NextGen’s main thrust is to shift the system to satellite-based navigation with digital communication, which can allow more direct routing and closer spacing between planes, boosting system capacity. Work on NextGen improvements started in 2007 and is expected to continue through around 2030.

“Progress on NextGen has been slow” because it’s “trapped in the politics of Washington, D.C.,” said Sharon Pinkerton, senior vice president of legislative and regulatory policy. She said $6 billion is sitting in the FAA aviation trust fund “when the system is really in need of modernization.”

Trump “obviously has an understanding that the system is woefully outdated, and I think that’s a good first step in trying to reach a resolution,” Pinkerton said.

Privatizing air traffic control fits into a broader “small-government” philosophy.
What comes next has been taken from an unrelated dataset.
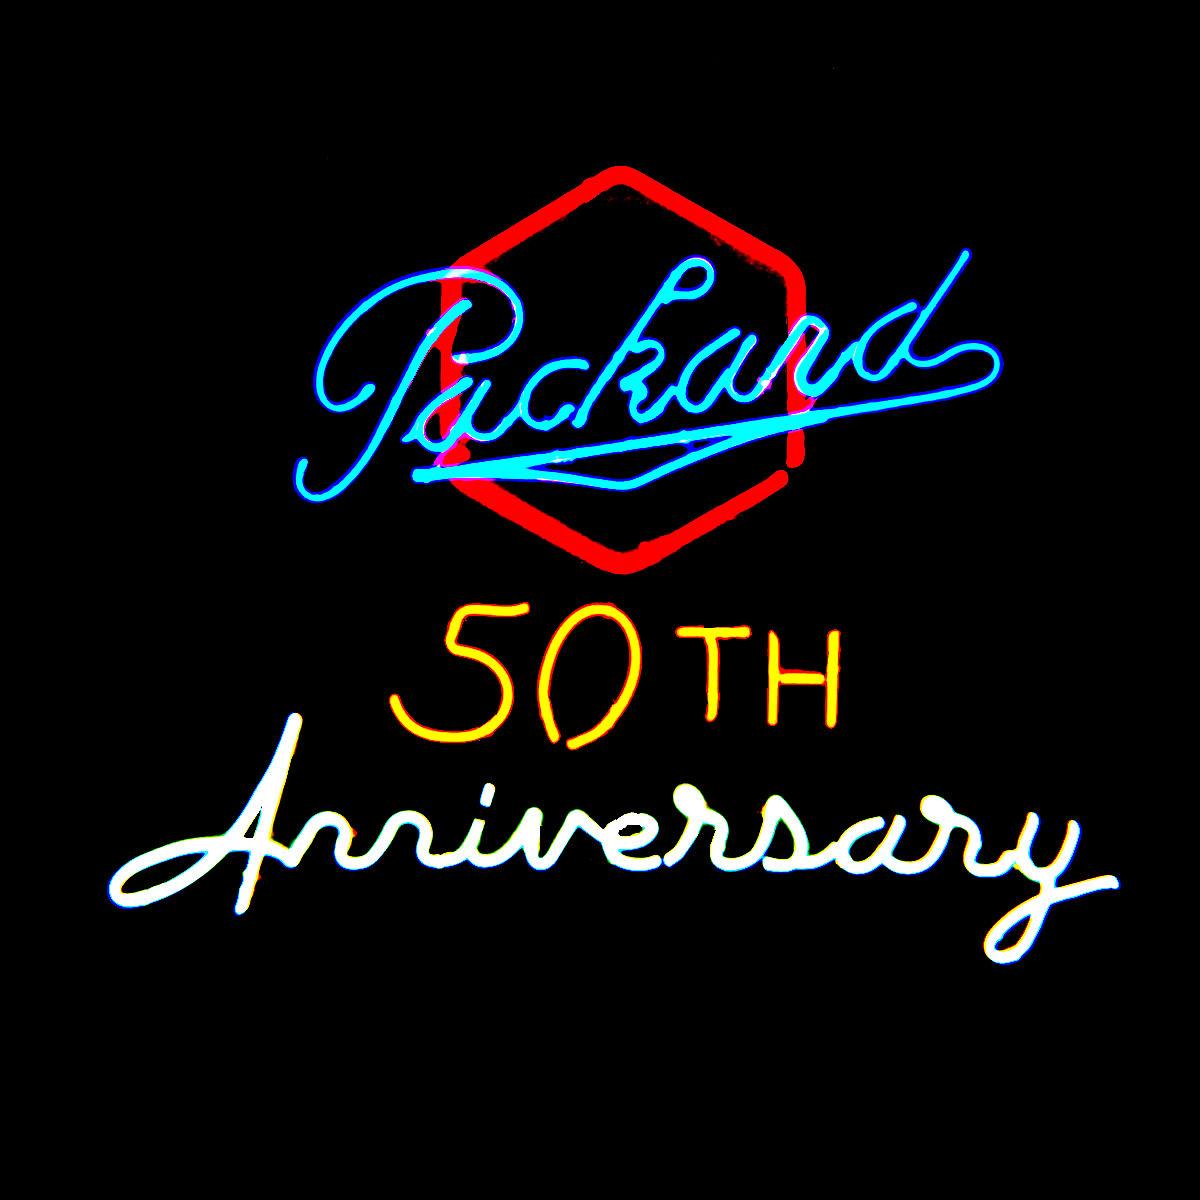 """Packard 50th Anniversary"" Dealership Neon Sign by John Barton - former Packard New Car Dealer"

“Being part of the federal government is not very conducive to efficient results,” said Rui Neiva, a policy analyst at the Eno Center for Transportation, which released an updated report last week in favor of spinning off air traffic control from the FAA. Other governments have done so successfully, including Canada.

The National Air Traffic Controllers Association union last year supported a proposal to spin off air traffic control, saying it would “make safety the top priority,” ensure stable funding and protect the controller workforce.
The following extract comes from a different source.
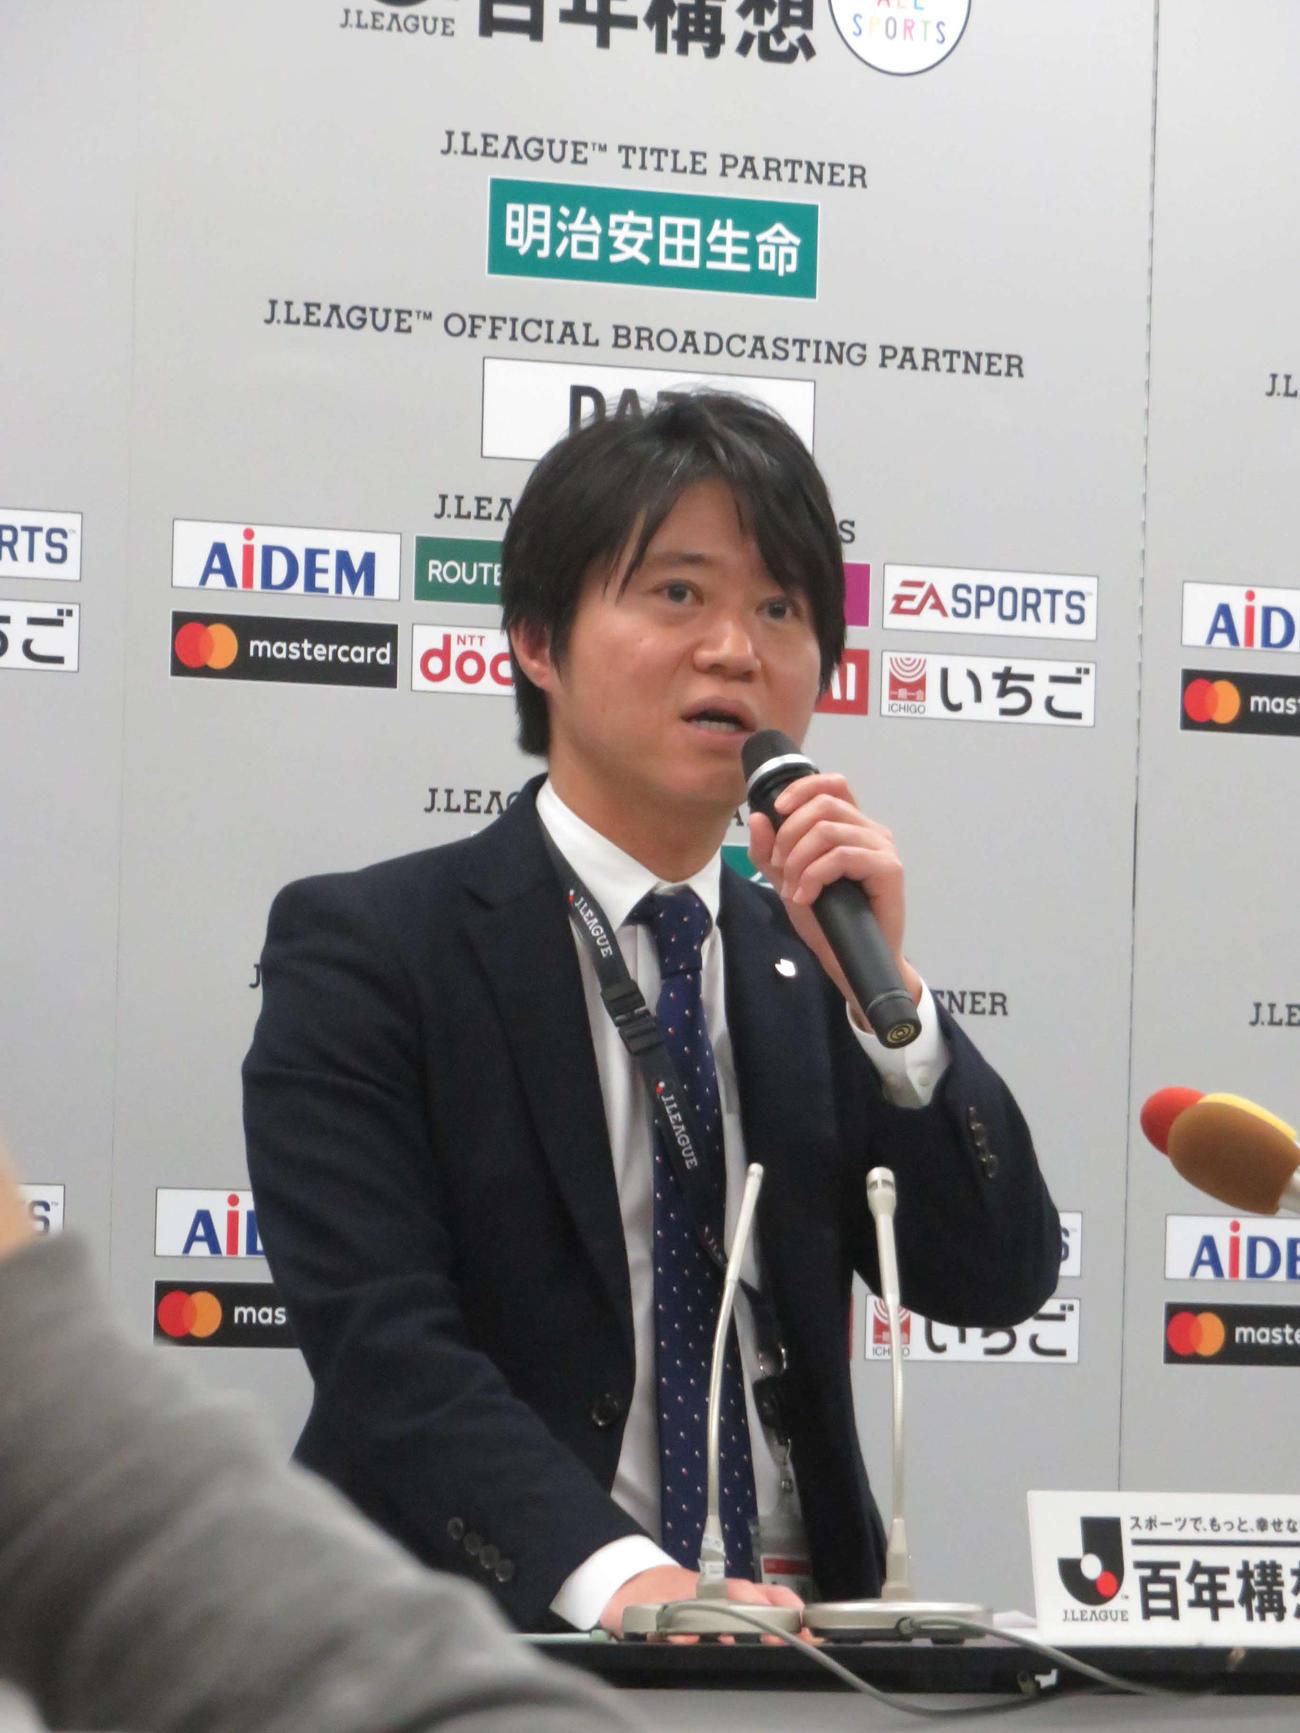 Jリーグ理事会会見の中止をアナウンスする勝沢健広報部長(2020年3月17日撮影)

Air traffic controllers union president Paul Rinaldi in a written statement emphasized the importance of a “stable, predictable funding stream” to ensure progress on NextGen continues and “is not undermined.”

But consumer groups that formed a group called Americans Against Air Traffic Privatization say “the true incentives behind privatizing our nation’s ATC system [are] corporate control at the exclusion of workers and taxpayers.”

Opponents also note that foreign examples of successful privately-run systems cited by supporters involve much smaller systems than the one controlling U.S. airspace.

A MASSIVE SYSTEM

U.S. air traffic control by the numbers:

7,000 aircraft in the sky at any given time

23,911 commercial flights a day

476 airport traffic control towers

14,000 air traffic controllers

19,299 airports

Source: Federal Aviation Administration

DOGFIGHT OVER ATC

The issue at a glance:

— Today, the Federal Aviation Administration runs the U.S. air traffic control system and employs controllers.

— The FAA is leading a massive, decades-long effort to modernize the air traffic control infrastructure, with a shift from ground-based radar to satellite-based navigation.

— Some airlines and others want to spin off air traffic control from the FAA into a non-profit entity funded with user fees. They say it would remove government budget constraints and the influence of politics that led to sequester and furloughs of controllers in recent years.

— Opponents say privatization could disrupt the FAA’s momentum on NextGen, and that it would amount to transferring a public good to corporate interests, with less room for government oversight.